Dehydroepiandrosterone Versus Growth Hormone in Women Undergoing ICSI With Expected Poor Ovarian Response
Status:
Unknown status
Trial end date:
1969-12-31
Target enrollment:
Participant gender:
Summary
300 women with expected poor ovarian response (POR) undergoing in vitro fertilization or
intra-cytoplasmic sperm injection (ICSI) will be randomly divided into 2 equal groups using
computer generated random numbers. Group 1 will receive Dehydroepiandrosterone (DHEA) 25 mg (
DHEA 25mg, Natrol , USA) t.d.s daily for 12 weeks before starting IVF/ICSI cycle and a
placebo similar to growth hormone (GH) daily from day 6 of stimulation until the day of human
chorionic gonadotrophin (hCG) trigger. Group 2 will receive an oral placebo t.d.s. daily for
12 weeks before ICSI in addition to GH (Somatotropin, Sedico, Egypt) 4 IU on day 6 of hMG
stimulation in a daily dose of 2.5 mg subcutaneous (SC) until the day of hCG triggering.

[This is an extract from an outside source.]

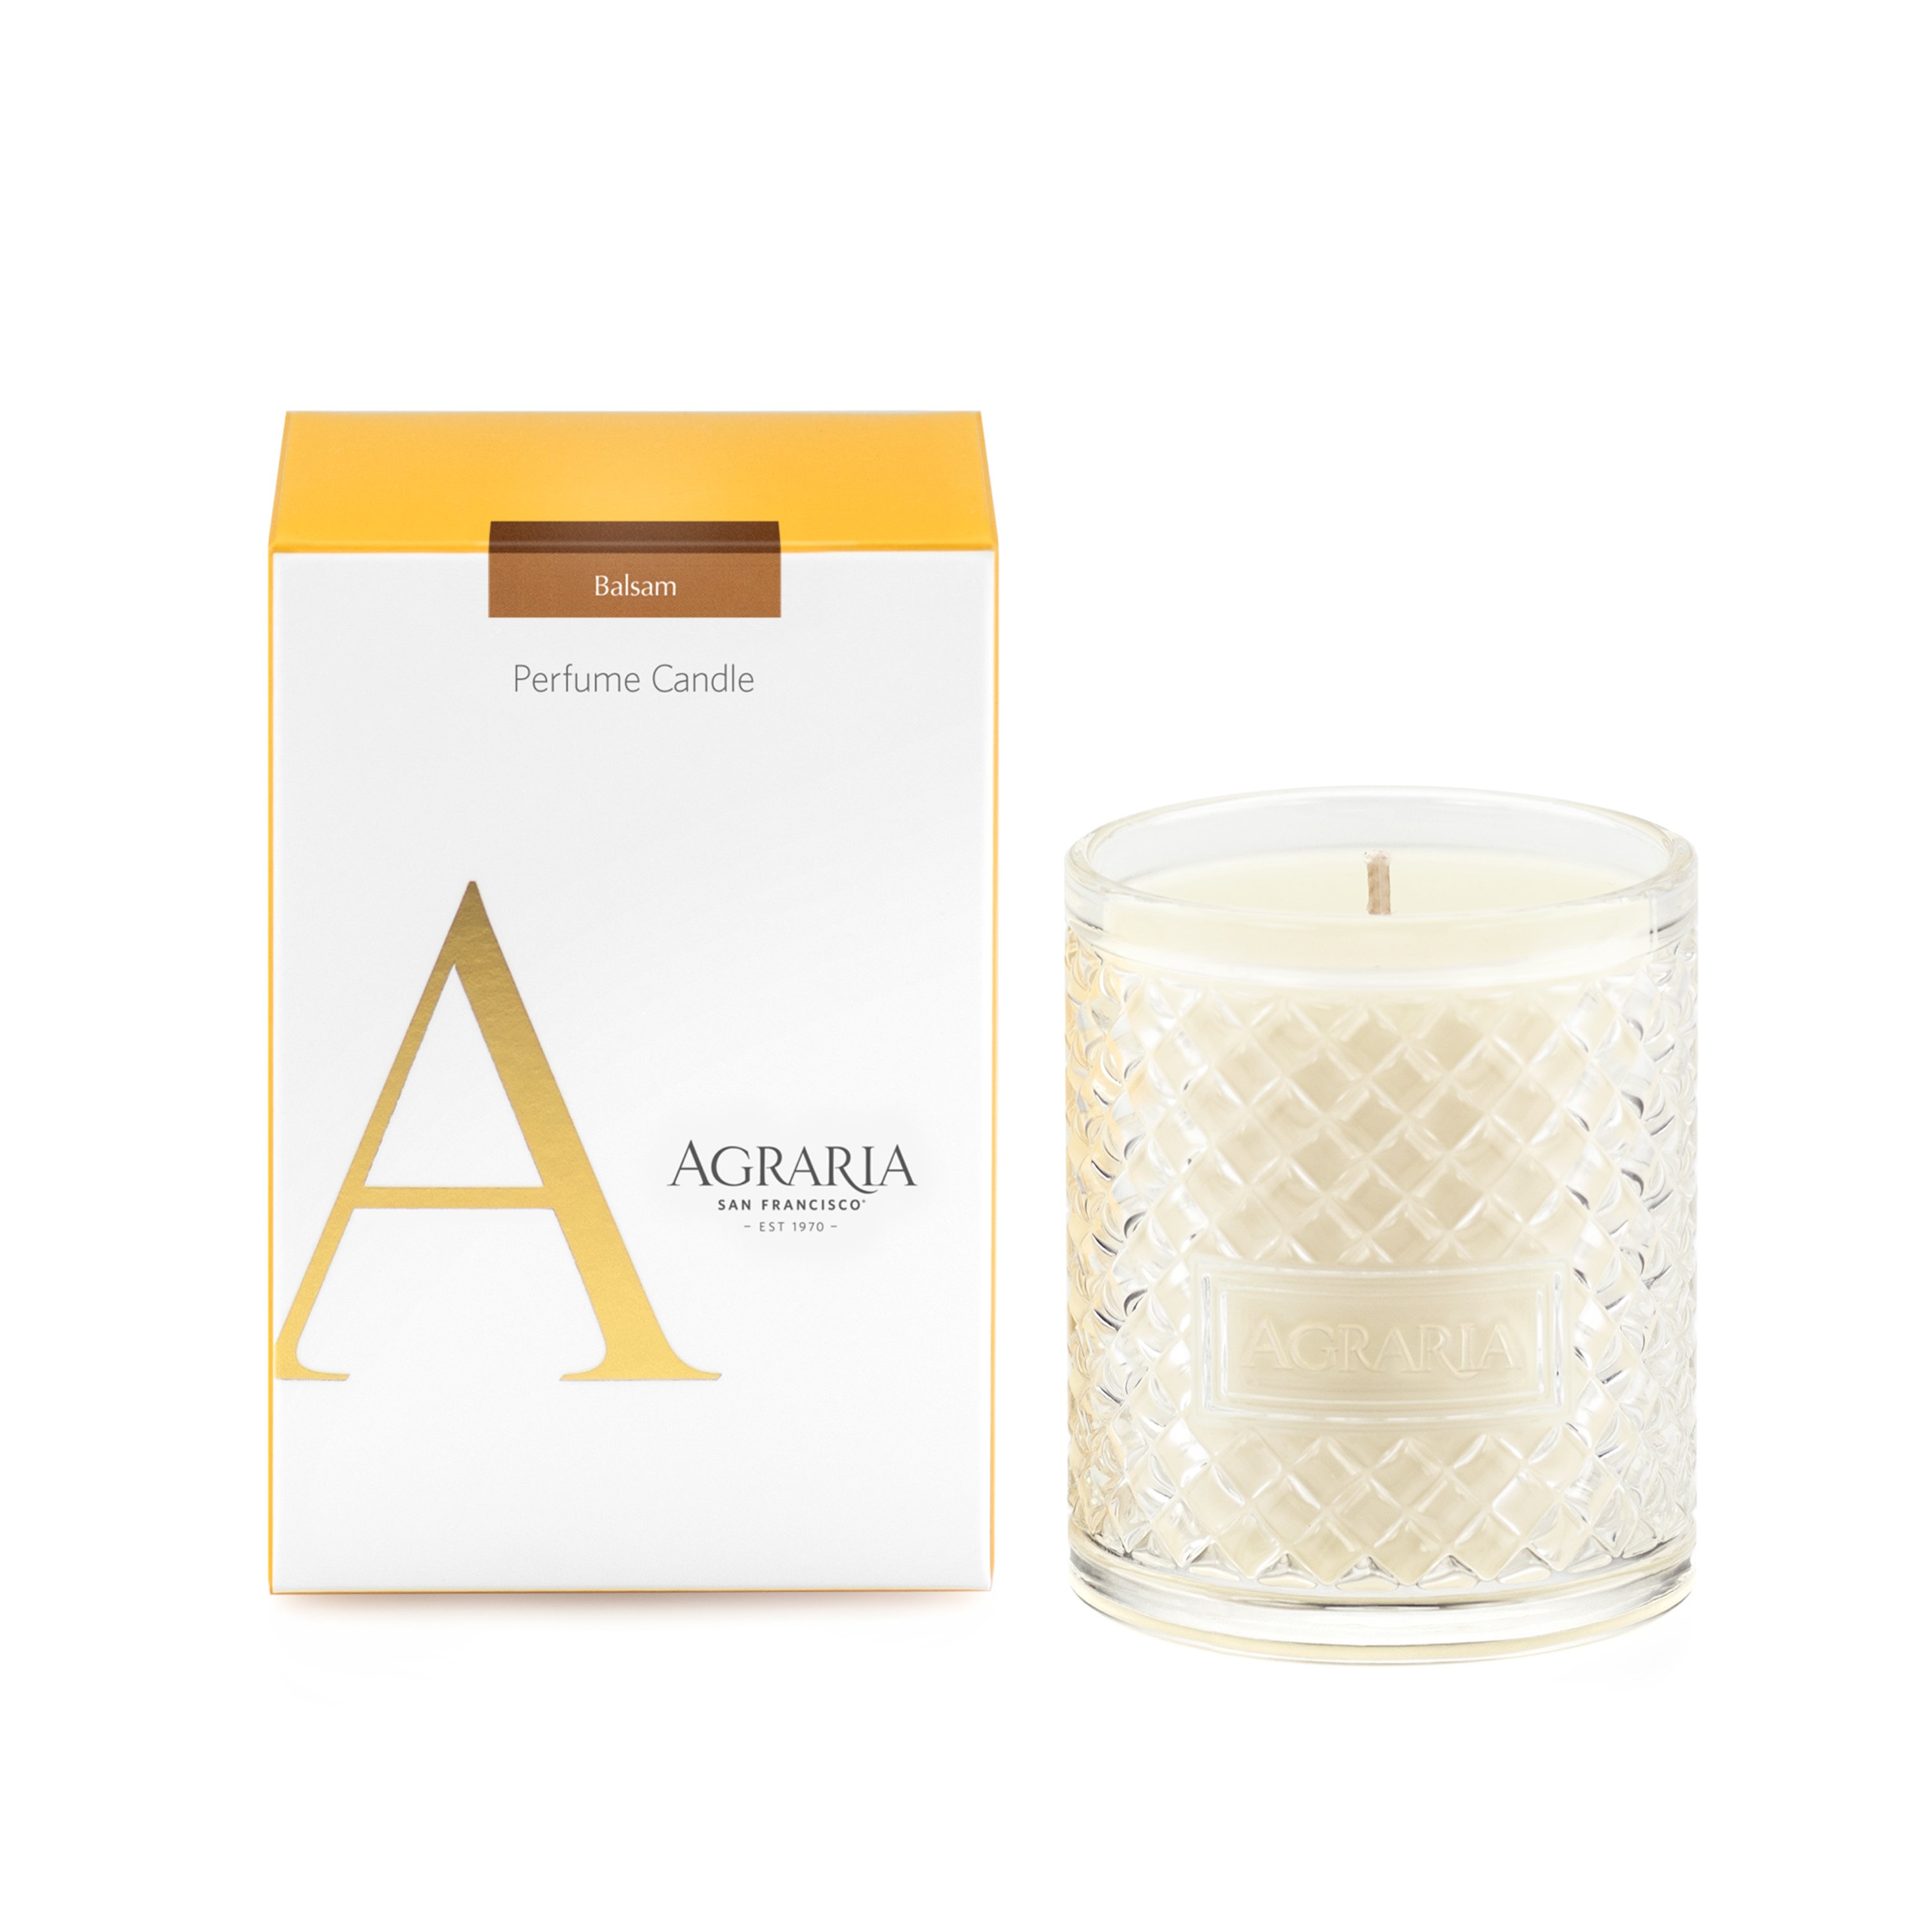 Agraria Balsam Perfume Candle

Patients included in the study will be subjected to full history taking and clinical
examination. On the second day of menstruation serum FSH, LH, Prolactin and Oestradiol will
be assessed and the antral follicular count (AFC) will be assessed using a vaginal ultrasound
scan. AFC will be defined as the number of follicles measuring 3-10mm.

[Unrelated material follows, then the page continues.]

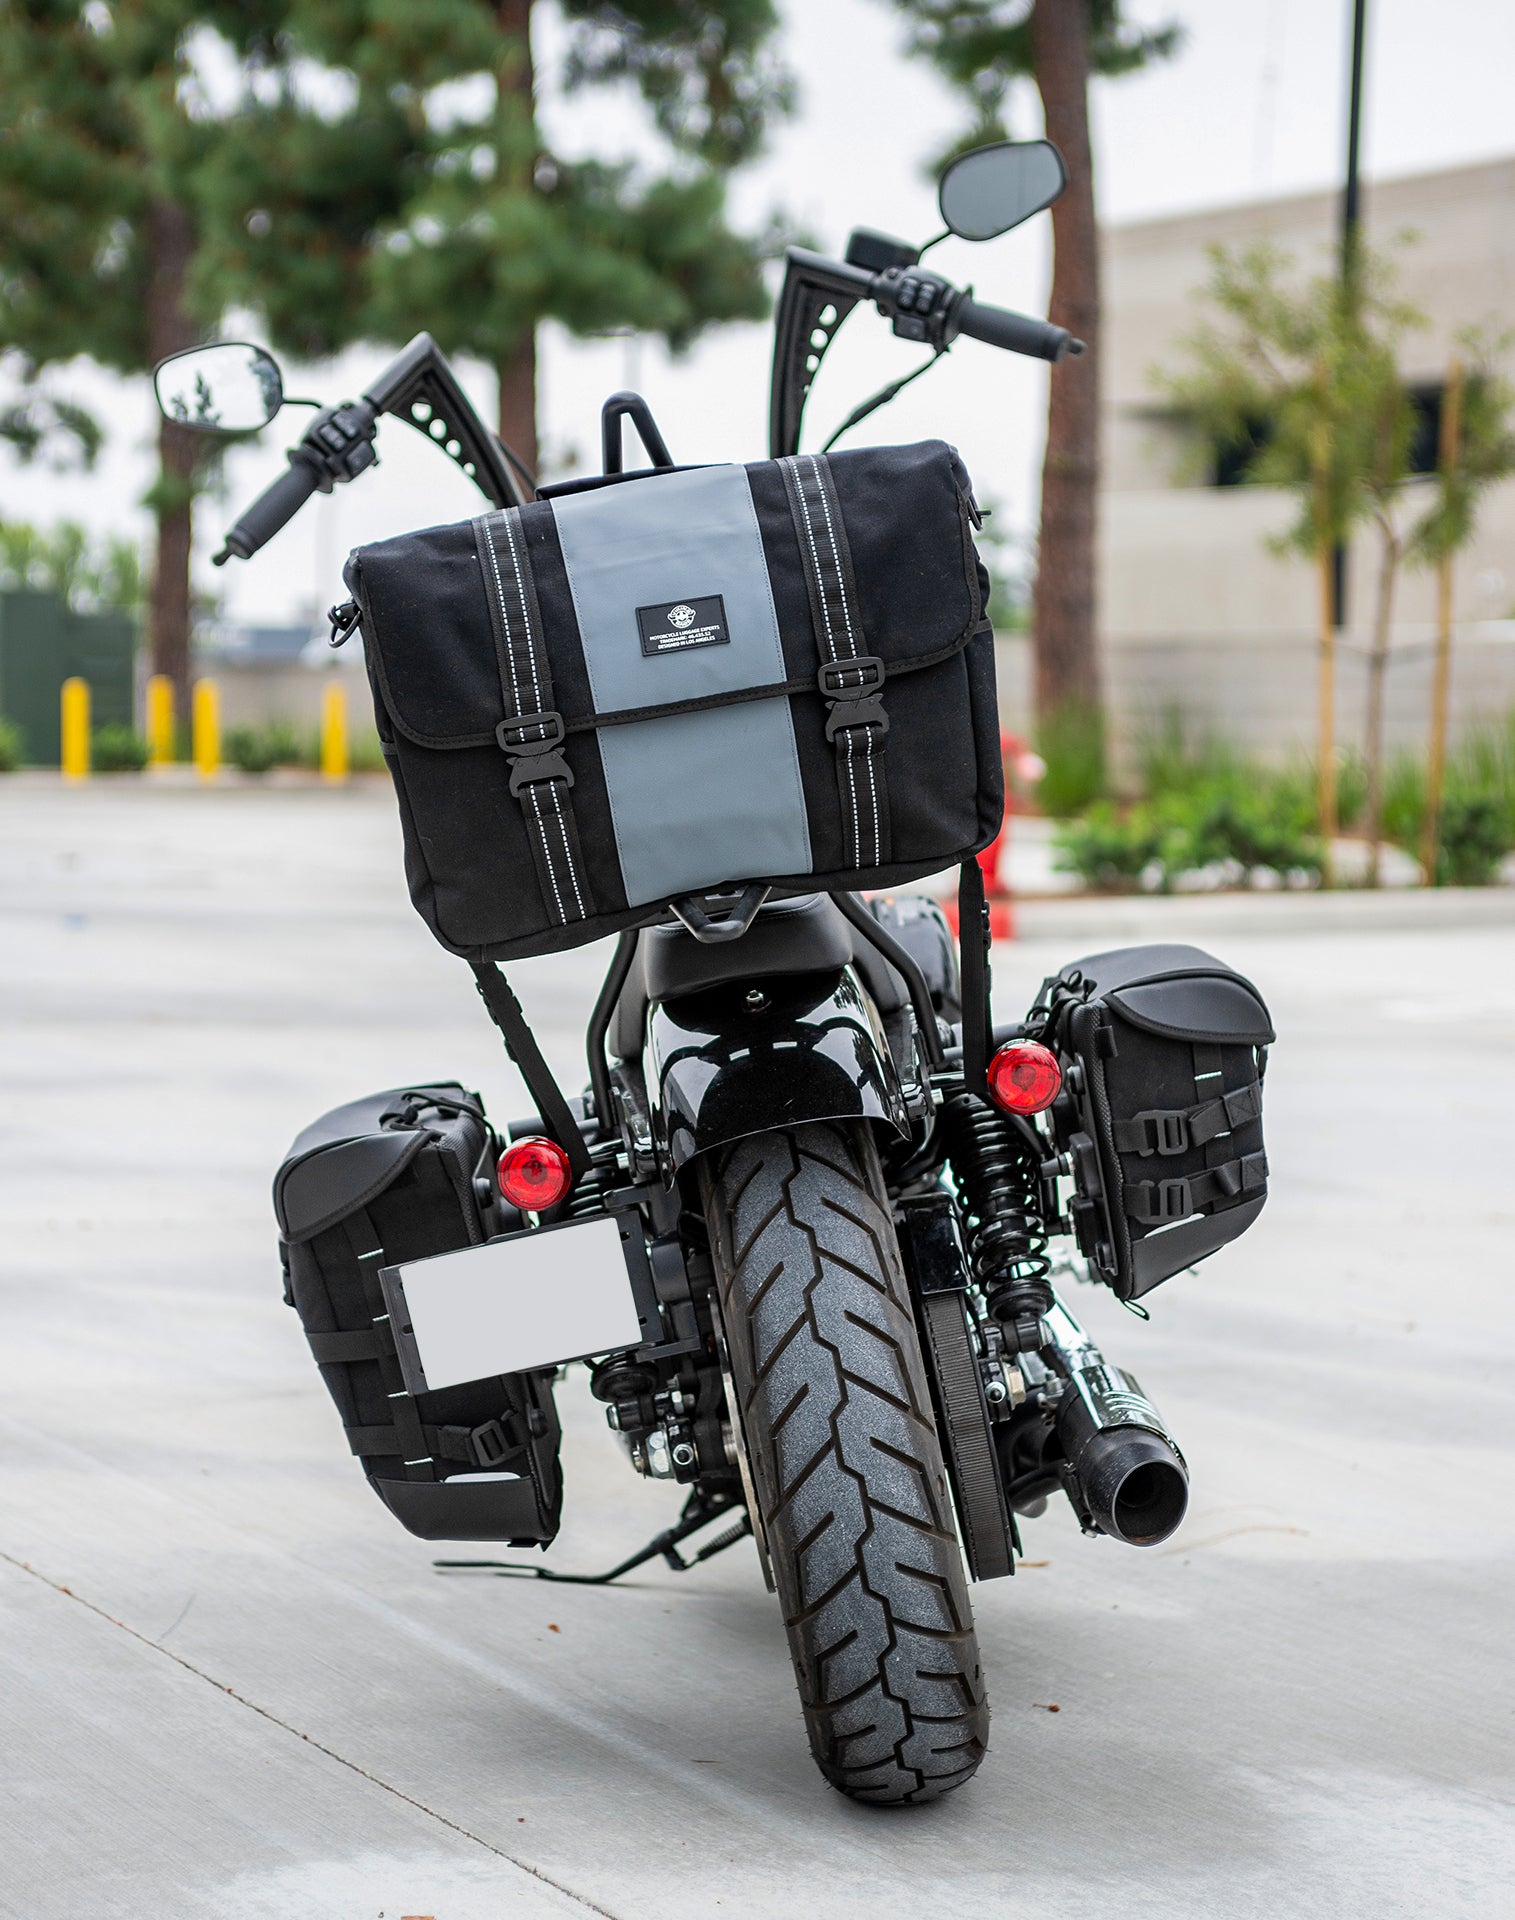 23L - Duo-tone Medium Triumph Motorcycle Messenger Bag Gray/Black

All patients will have gonadotropin antagonist protocol with Human menopausal gonadotrophin
(hMG) stimulation until the day of hCG administration. On the day of hCG administration,
ovarian ultrasound scan will be performed using a transvaginal probe. Oocytes will be
aspirated 34-36 hours after HCG administration. Oocytes will be fertilized and embryos will
be transferred. Both groups will be compared regarding the proportion of ongoing pregnancy.